It can work, but... the type of material should be a hard wood, the joints not just screwed together and right off the get go there is no corner bracing. Getting it up there needs to be done in pieces, not all at once. If I was to do it I'd hang it from the tree just like a climbing stand hangs, around the tree and using the same principle which allows for tree movement and growth and doesn't require the fasteners to keep it up there just stay there.

Pine easily splits, hardwood doesn't. If there's a mill round there they have the lumber needed and green is good, but this type of lumber is heavier than pine even treated pine so it must be constructed on the ground with bolts, not screws for the structural supports without the floor or seat material. Then taken apart, hauled up the tree using good ladders tied off to the tree, assemble the structural frame around the tree and secure it there. Last and the floor and seal material, chill and serve. 

Cost? high
Comfort? Plenty
Safety? Very safe
Stories to come? Many
Moving it? Never
Climbing into it? A good ladder that should be removed when ever your not going to hunt it. The stand should also be constructed with an entrance from the ladder onto the stand.

People do this all the time and few hardly ever say a word about them, we call them box blinds and they are just as high as a home made tree stand.


----------



## wildman (Sep 3, 2008)

nodog said:


> It can work, but... the type of material should be a hard wood, the joints not just screwed together and right off the get go there is no corner bracing. Getting it up there needs to be done in pieces, not all at once. If I was to do it I'd hang it from the tree just like a climbing stand hangs, around the tree and using the same principle which allows for tree movement and growth and doesn't require the fasteners to keep it up there just stay there.
> 
> Pine easily splits, hardwood doesn't. If there's a mill round there they have the lumber needed and green is good, but this type of lumber is heavier than pine even treated pine so it must be constructed on the ground with bolts, not screws for the structural supports without the floor or seat material. Then taken apart, hauled up the tree using good ladders tied off to the tree, assemble the structural frame around the tree and secure it there. Last and the floor and seal material, chill and serve.
> 
> ...


I agree 100% if you are going to build it build it correctly..I have been in just about every type of stand home made or not... It is safty first... Any stand that I have built in a tree I have used my climber sometimes 2 climbers to get it up or to build it. Most of all be smart Over due everything. The above is good info.. It really depends on what you want to hunt out of. Hell, look at duck Dynasty.. I want to hunt out of a camper!!!


----------



## Lundy (Apr 5, 2004)

I have built more than one homemade wooden stand that have been big enough to support two adults.

I built with only treated lumber. The smallest used in the construction was 2x4, After building it was coated with an oil base sealant. There were corner diagonal braces to support the platform. It was lag bolted and strapped, both into the large oak tree. Access was from an extension ladder secured to the tree. It was built and then lifted into the position via a come a long. It was very secure and very safe and many a deer were killed while hunting from it.

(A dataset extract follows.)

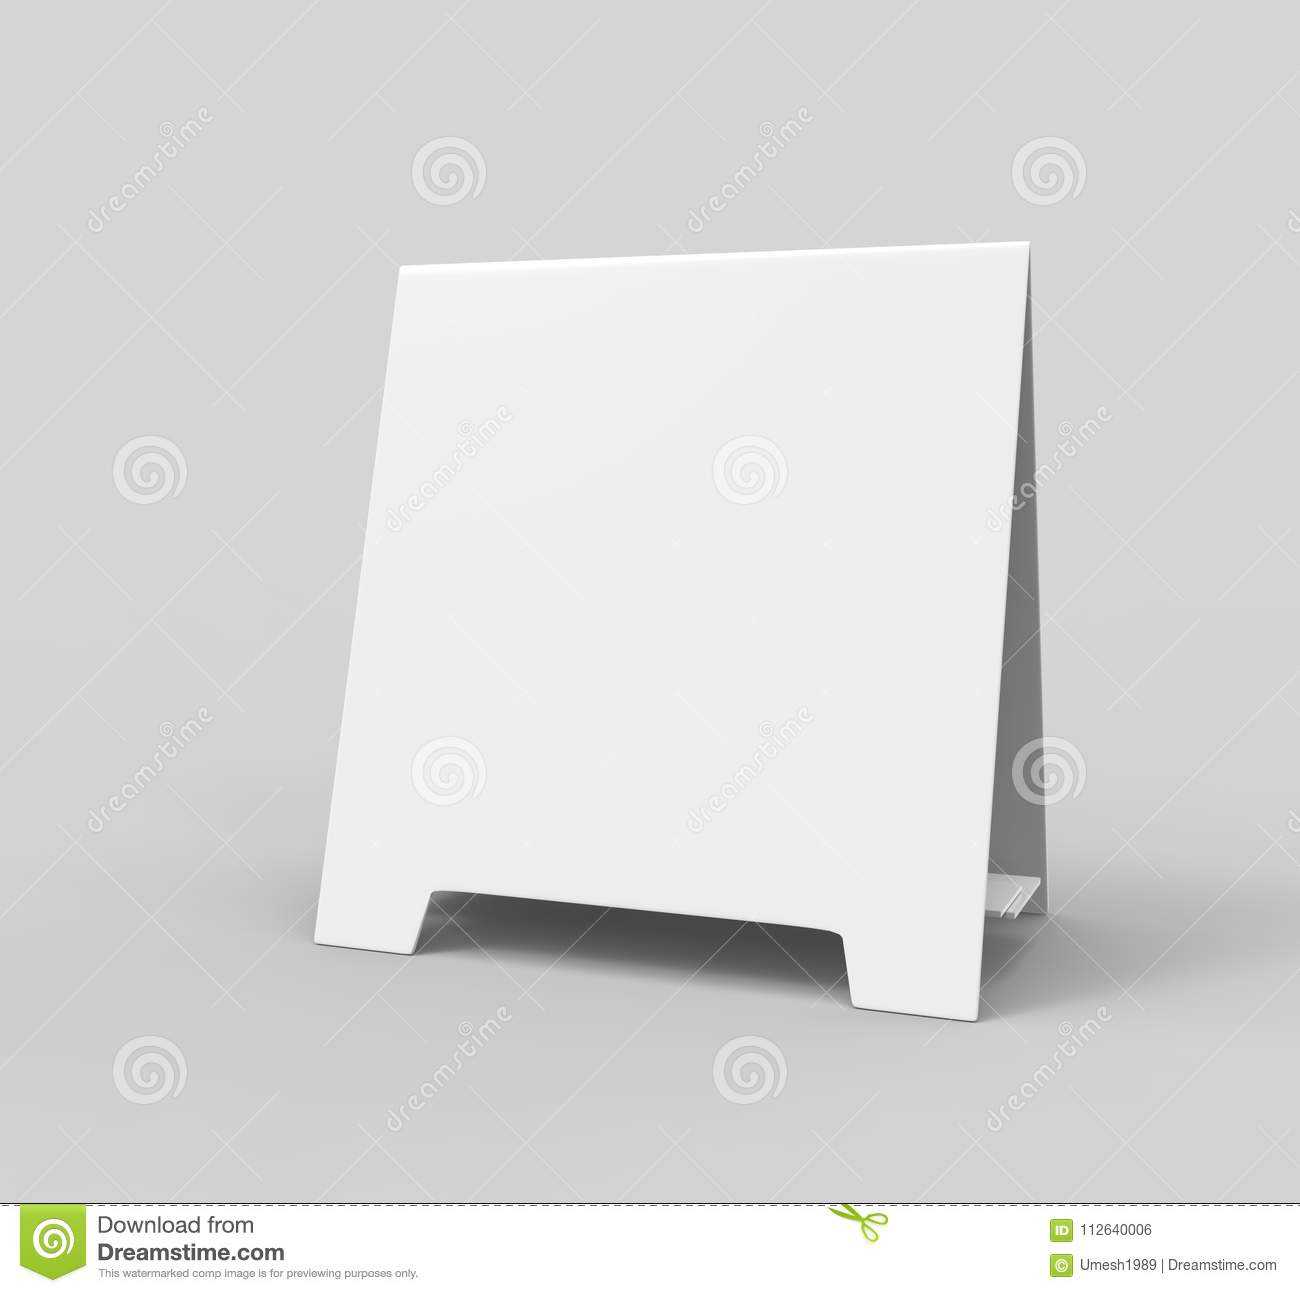 Tablet Tent Card Talkers Promotional Menu Card White Blank With Regard To Blank Tent Card Template

It still stands in the oak tree today but no one has been in it in many years due to safety concerns. I only planned on getting a couple of years service and got at least 5 years of safe service out of it.

I wish you luck but based upon your picture I think it is built way too light and you may have some problems to overcome


----------



## CAS_HNTR (Mar 7, 2012)

Im an engineer by profession and that thing looks like a death trap....if you have a welder, get some excess pieces from a metal supply shop and weld one up.

I have made my stands before and they worked very well, but they looked nothing like that. You need some plywood (sealed), bar stock, allthread, steel cable, and a ratchet....much safer that and still pretty cheap.


----------



## Misdirection (Jul 16, 2012)

Just go out to craigslist and buy a used professionally made stand...may just save your life...

Outdoor Hub mobile, the outdoor information engine


----------



## ezbite (May 25, 2006)

yes a better photo would be good. but from what i can see, if you wrap the bottom of sides and front with the same plywood you made the floor out of that will tighten it up a lot (box it in), doesnt have to be more than foot high.. itll also make it heavier. also make sure to attach angle braces from the front of the bottom of the stand to the tree. if you can find a limb to rest it on, even better.


----------